Ketika Arana tiba dirumah kakeknya, dia disambut dengan senyuman dan pelukan hangat. Kakeknya terlihat lebih tua, tetapi senyumnya masih sama seperti yang selalu Arana kenang.
"Kamu tumbuh menjadi wanita yang tangguh, Arana," kata kakeknya sambil memandanginya dengan penuh kebanggaan.
Arana tersenyum hangat, "Ini karena kakek."
Arana menatapi wajah kakeknya, sedikit merasa bersalah karena tidak pernah mengunjunginya lagi semenjak kuliah diluar kota. Arana mengehela nafas, mungkin menghabiskan waktu lebih lama disini tidak ada salahnya.

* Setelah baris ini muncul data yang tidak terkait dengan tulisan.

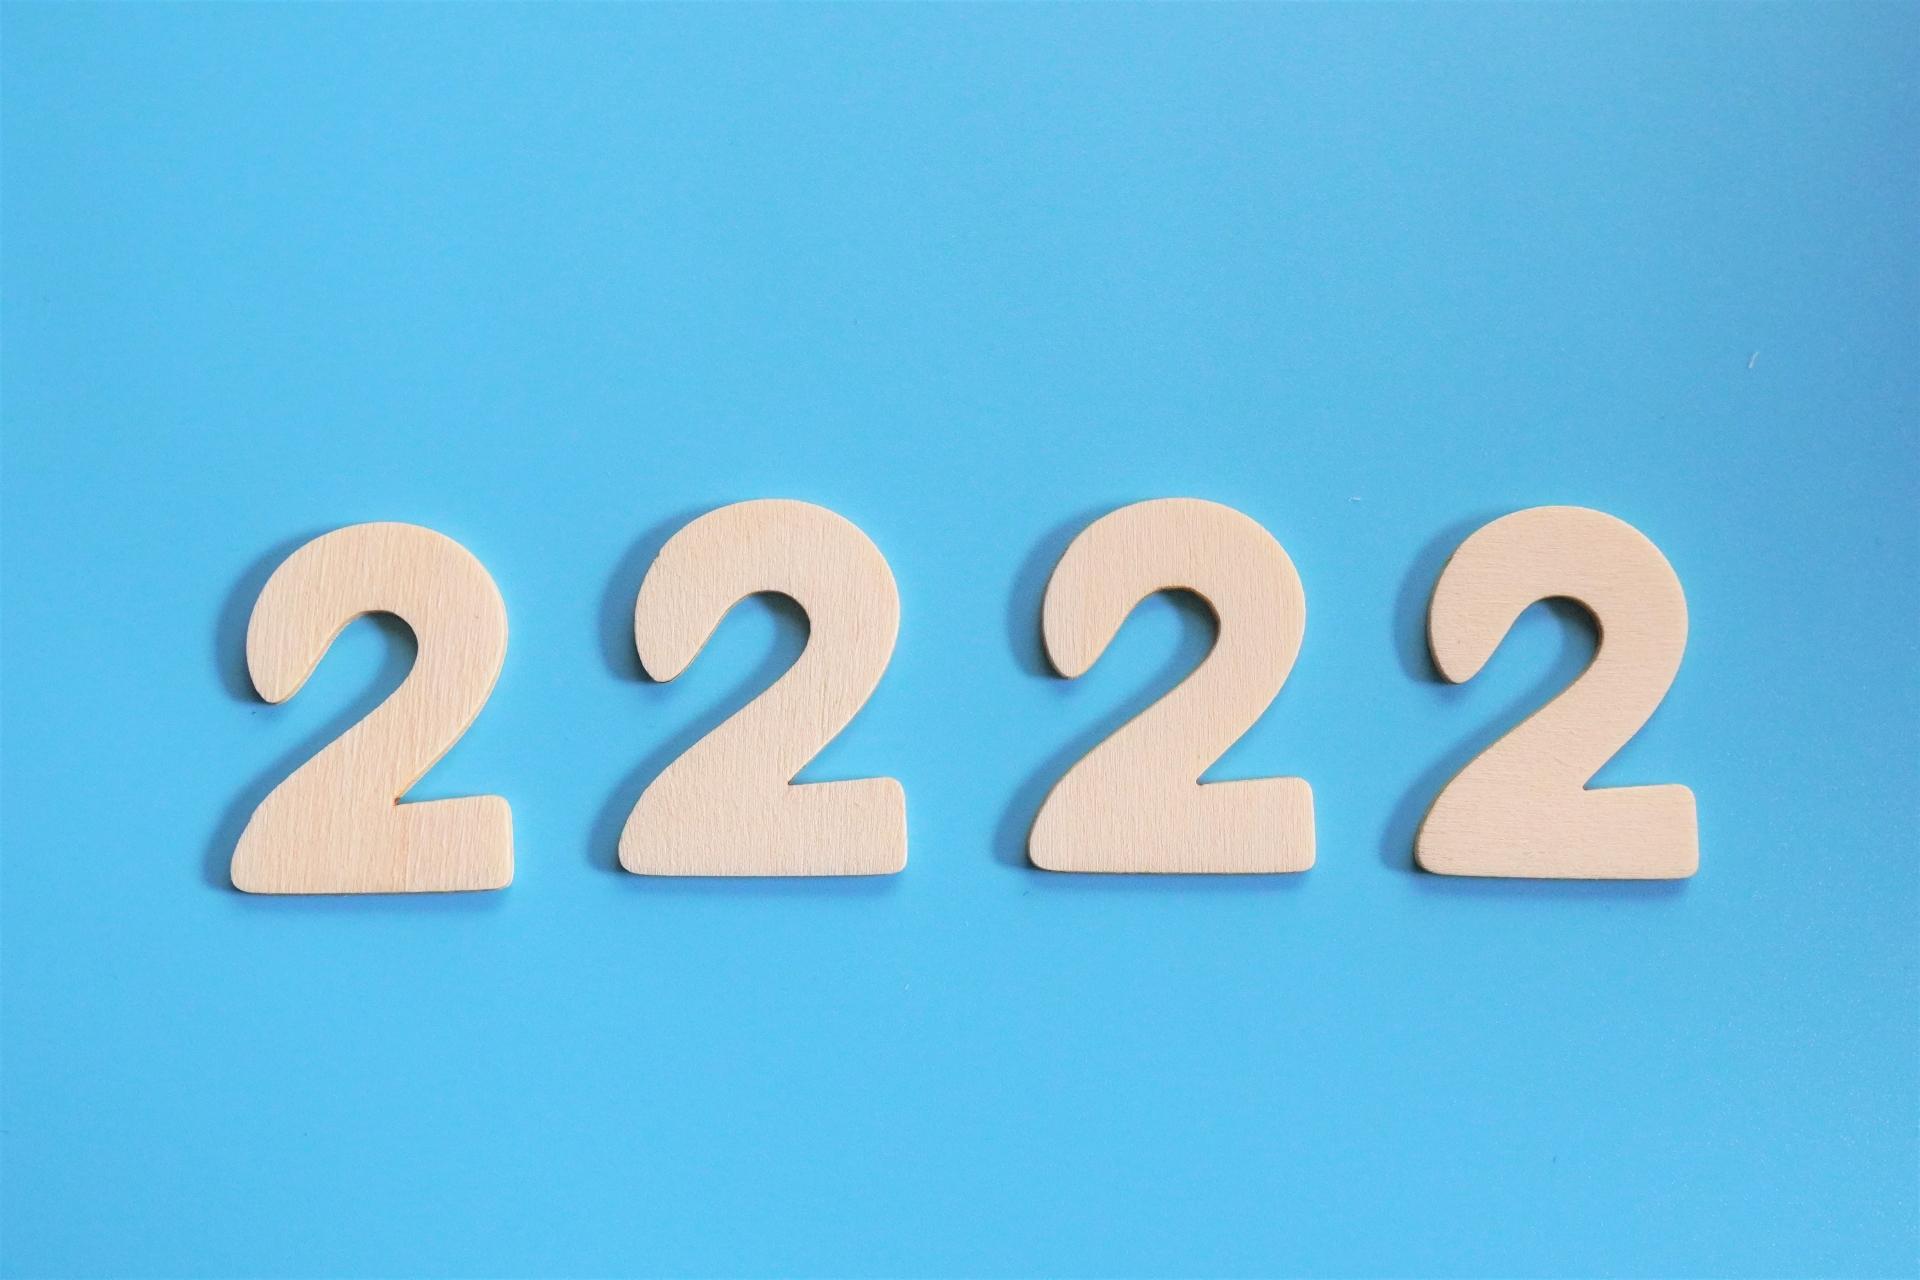 エンジェルナンバー2222の意味とは?恋愛運・仕事運・金運をそれぞれ解説

Tidak terasa sudah seminggu menghabiskan waktu bersama kakeknya, dan menikmati kehidupan lamanya membuat Arana merindukan teman-teman lama. Arana memutuskan untuk menhubungi Fina dan Biya. Mereka berjanji untuk bertemu di kafe yang selalu menjadi tempat mereka berkumpul dulu.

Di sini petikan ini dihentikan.